### TRY IT
Pull each line containing "Team" out of the data and copy it.

### DATASET RECORDS

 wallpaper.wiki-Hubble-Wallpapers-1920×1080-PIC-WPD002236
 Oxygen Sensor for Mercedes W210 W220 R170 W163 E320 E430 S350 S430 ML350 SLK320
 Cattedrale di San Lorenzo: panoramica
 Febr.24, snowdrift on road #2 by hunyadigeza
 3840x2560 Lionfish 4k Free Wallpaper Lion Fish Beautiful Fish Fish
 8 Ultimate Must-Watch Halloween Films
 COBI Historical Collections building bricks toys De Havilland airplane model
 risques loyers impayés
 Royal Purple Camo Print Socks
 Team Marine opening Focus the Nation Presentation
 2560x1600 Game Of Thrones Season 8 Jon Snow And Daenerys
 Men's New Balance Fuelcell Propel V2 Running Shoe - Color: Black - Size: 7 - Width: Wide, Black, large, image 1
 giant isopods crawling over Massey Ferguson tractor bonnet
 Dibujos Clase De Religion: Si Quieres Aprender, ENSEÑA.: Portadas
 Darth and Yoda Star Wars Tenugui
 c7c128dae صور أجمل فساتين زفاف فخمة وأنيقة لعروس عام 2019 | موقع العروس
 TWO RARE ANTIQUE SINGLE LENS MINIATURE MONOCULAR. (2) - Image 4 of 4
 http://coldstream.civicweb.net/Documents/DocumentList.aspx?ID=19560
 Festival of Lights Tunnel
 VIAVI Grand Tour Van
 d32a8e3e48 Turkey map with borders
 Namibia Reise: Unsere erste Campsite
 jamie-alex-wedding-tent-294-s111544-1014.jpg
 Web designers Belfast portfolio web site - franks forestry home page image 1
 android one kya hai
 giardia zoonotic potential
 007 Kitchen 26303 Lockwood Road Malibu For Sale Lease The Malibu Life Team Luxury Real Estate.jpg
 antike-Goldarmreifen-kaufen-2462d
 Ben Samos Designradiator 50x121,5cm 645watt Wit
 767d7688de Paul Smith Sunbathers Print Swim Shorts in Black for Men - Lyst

### FINISHED EXERCISE
 Team Marine opening Focus the Nation Presentation
 007 Kitchen 26303 Lockwood Road Malibu For Sale Lease The Malibu Life Team Luxury Real Estate.jpg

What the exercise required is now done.